**DATA EXTRACT**
*** Begin section ***

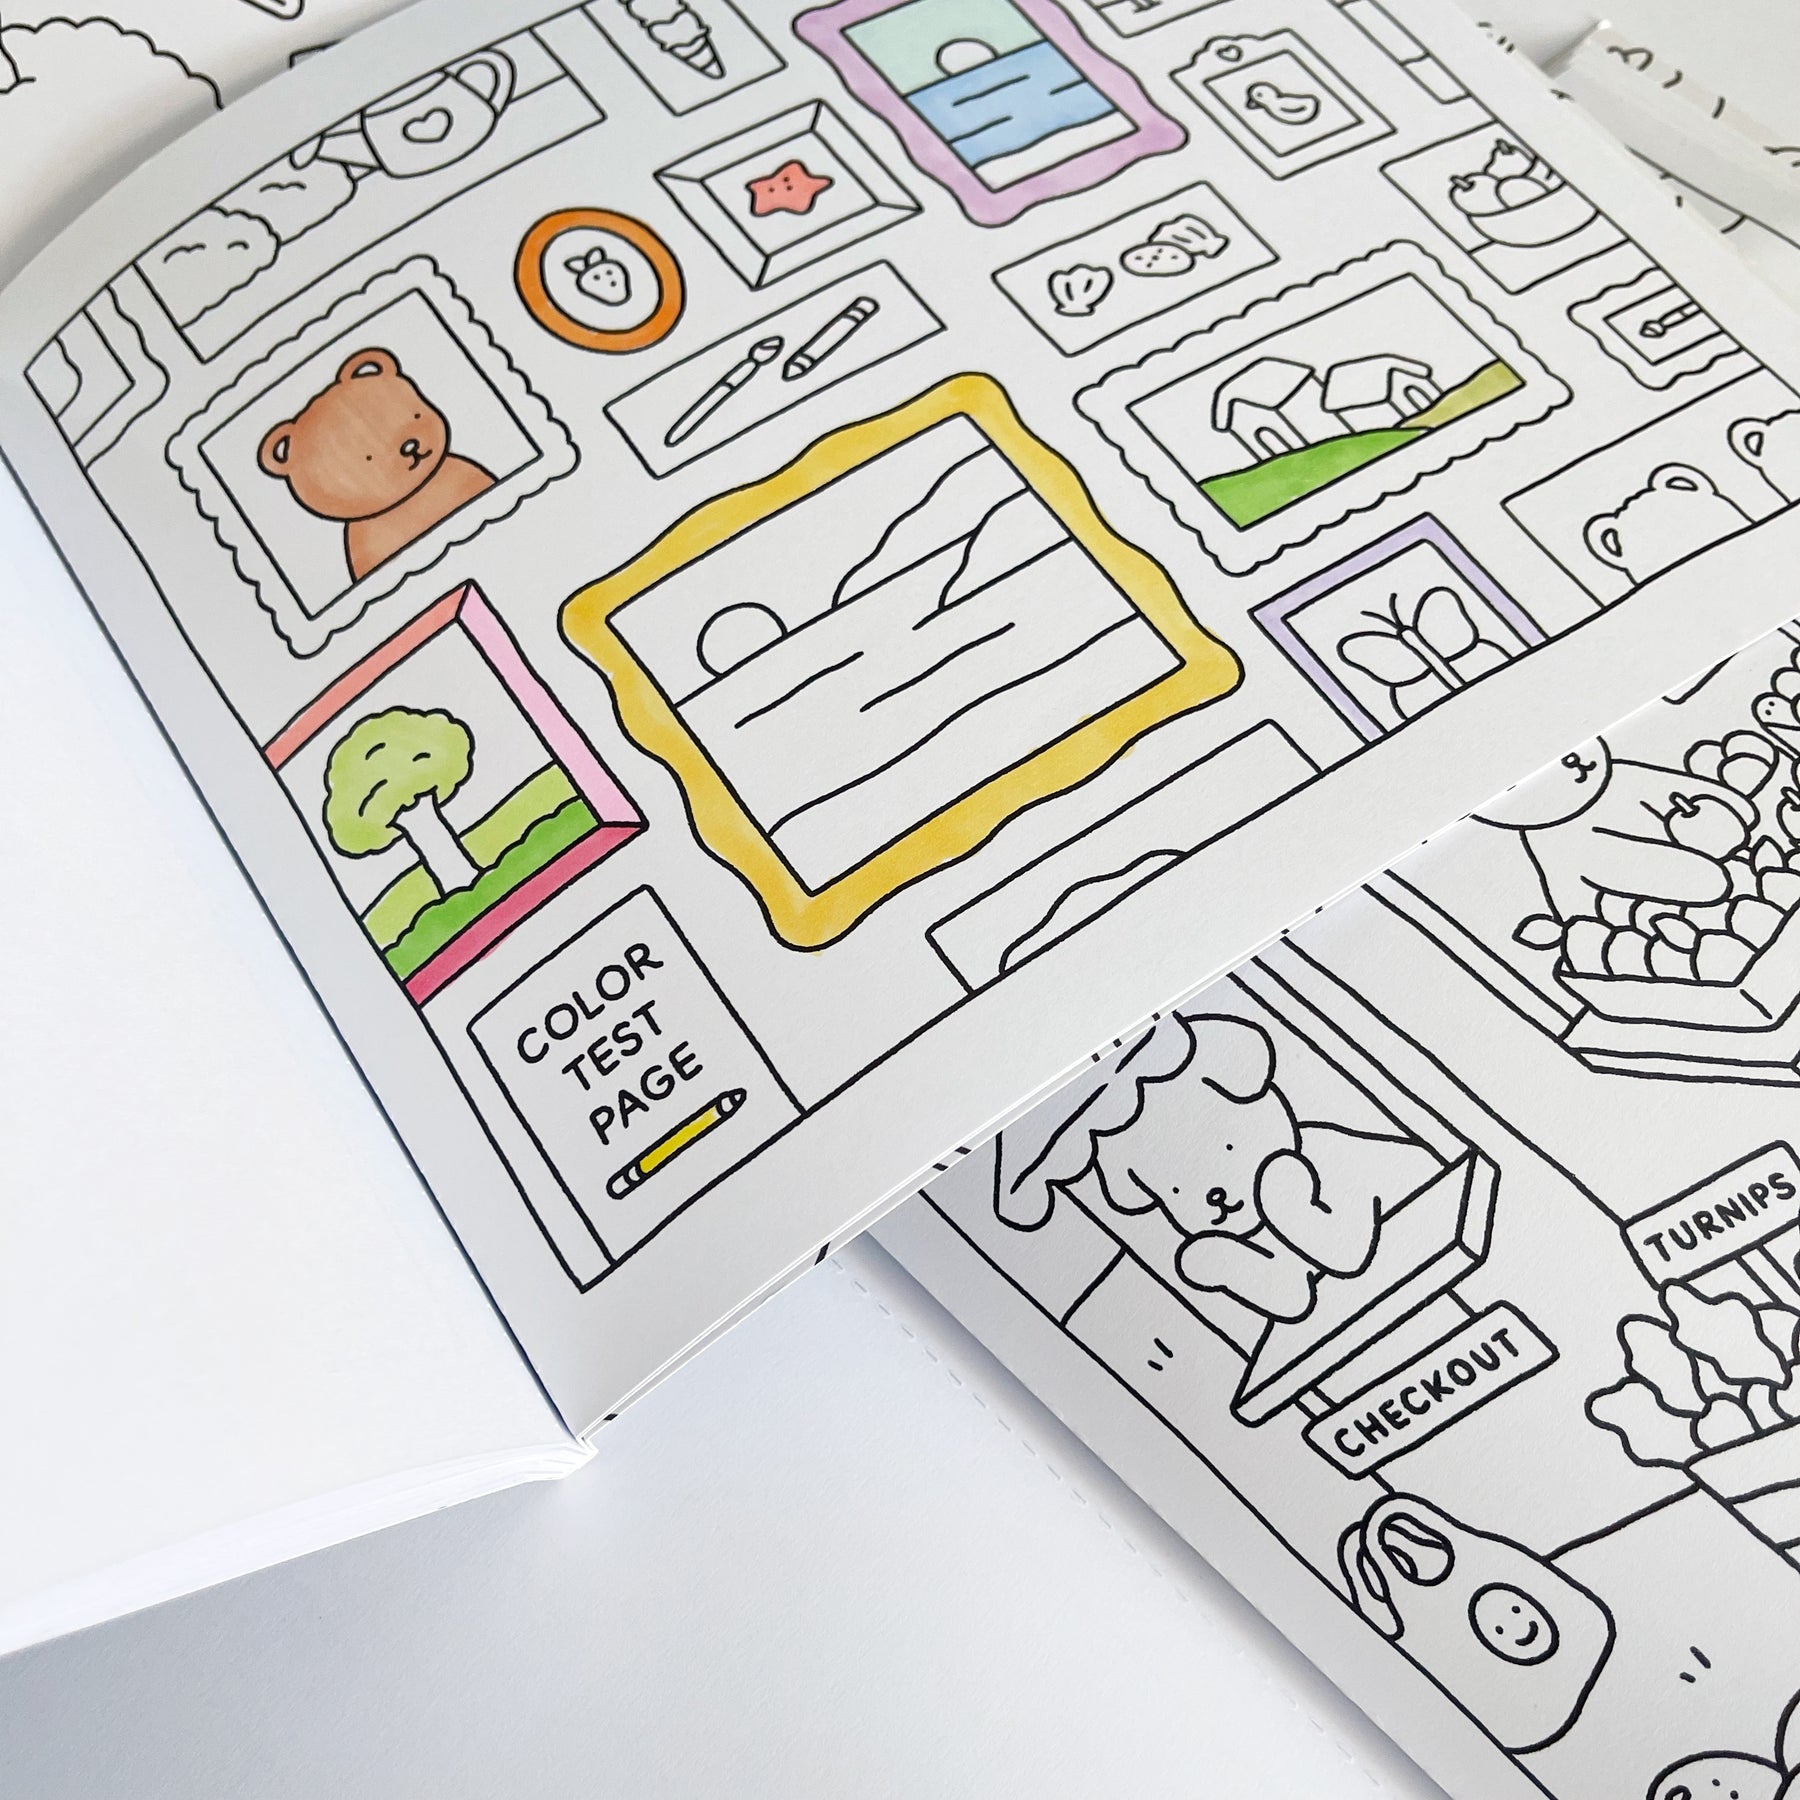 love this page in the new @bobbiegoods! coloring book 🧸✨🪸🕯️🐠 #bobb, bobbie goods
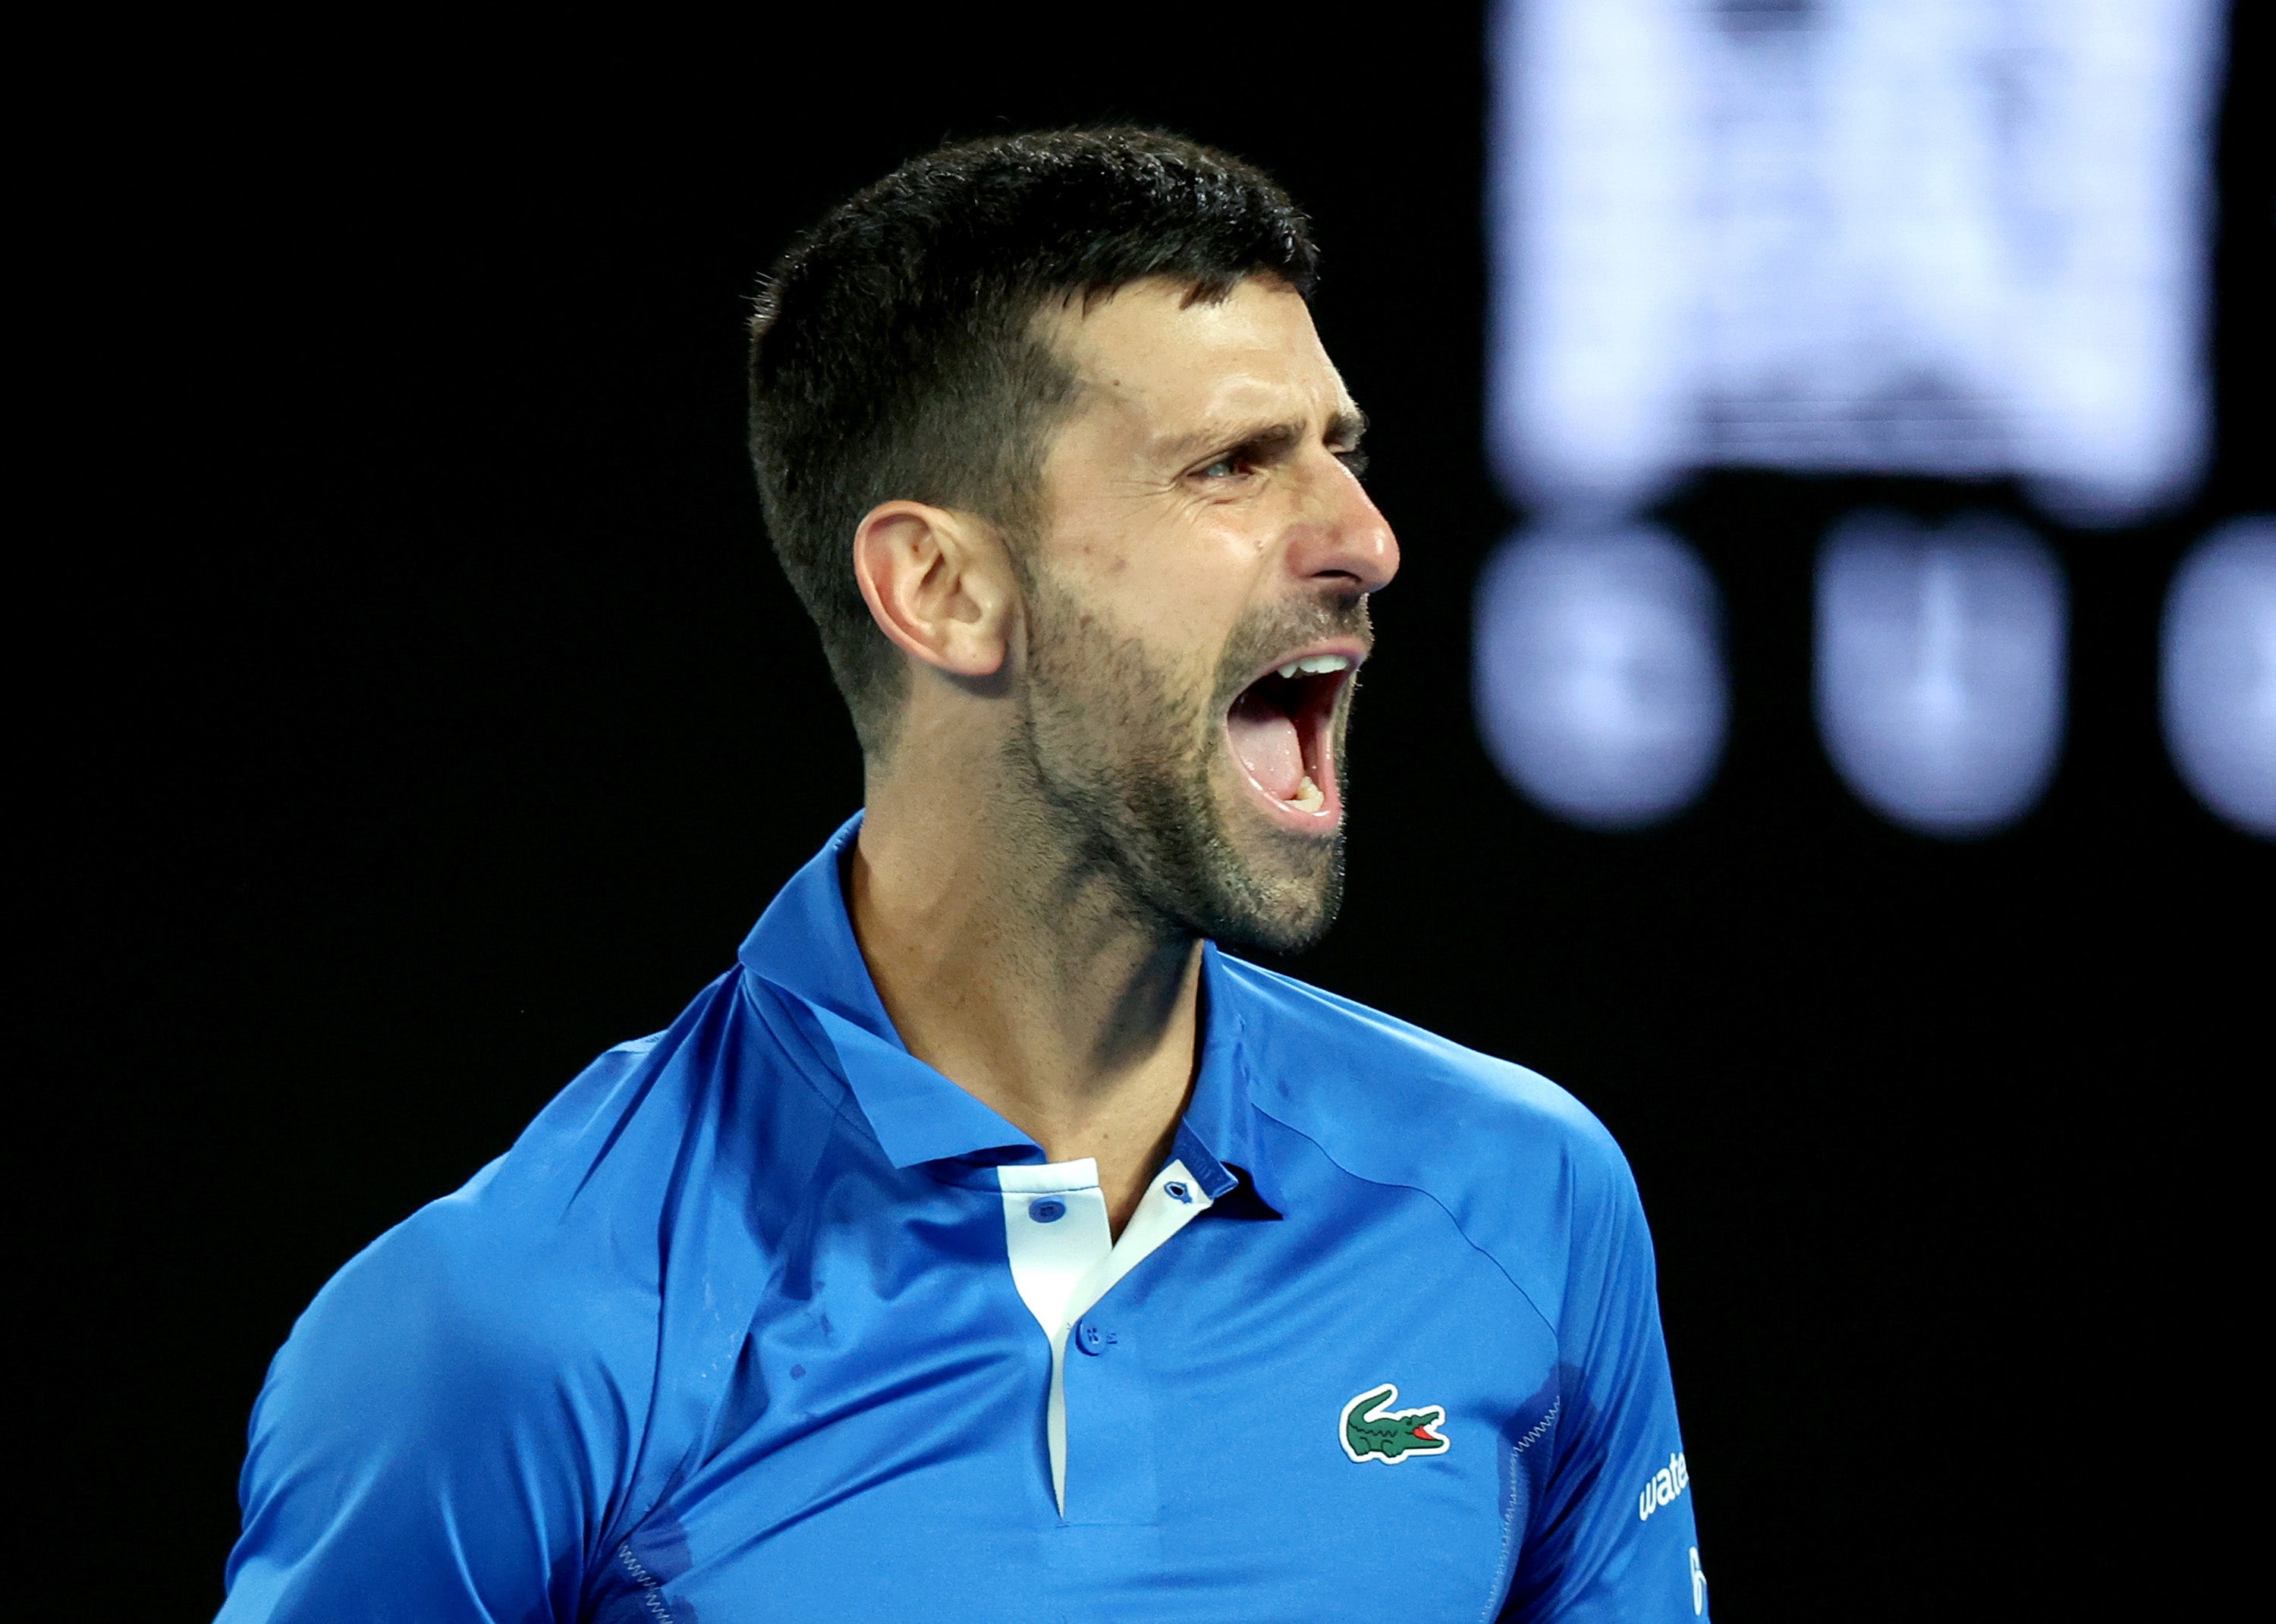 Djokovic is battling illness and injury again in Melbourne
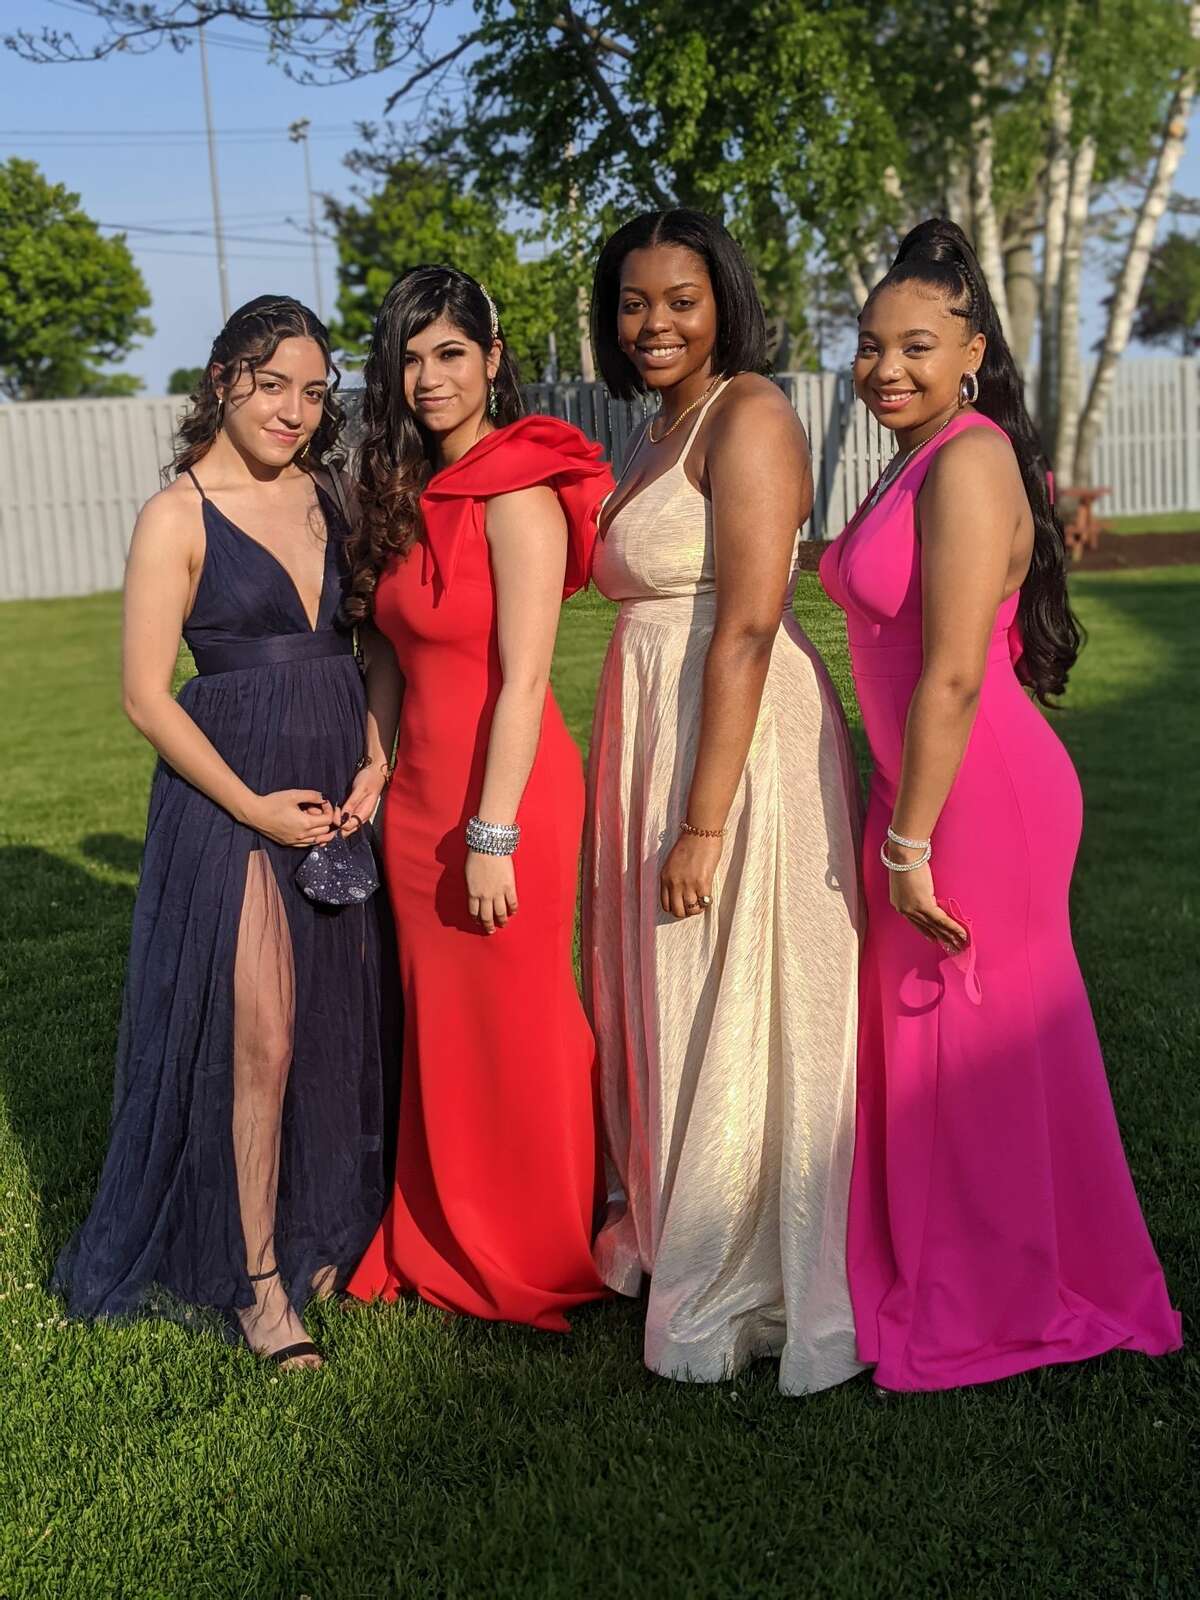 The Norwalk High School and P-TECH prom was held at the Longshore Pavilion at Norwalk Cove on May 21, 2021. Were you SEEN?

*** End section ***

**WHAT YOU HAVE TO DO**
Since pictures are not part of the copy, set down only the remaining data exactly.

**EXPECTED OUTPUT**
 love this page in the new @bobbiegoods! coloring book 🧸✨🪸🕯️🐠 #bobb, bobbie goods
 Djokovic is battling illness and injury again in Melbourne
 The Norwalk High School and P-TECH prom was held at the Longshore Pavilion at Norwalk Cove on May 21, 2021. Were you SEEN?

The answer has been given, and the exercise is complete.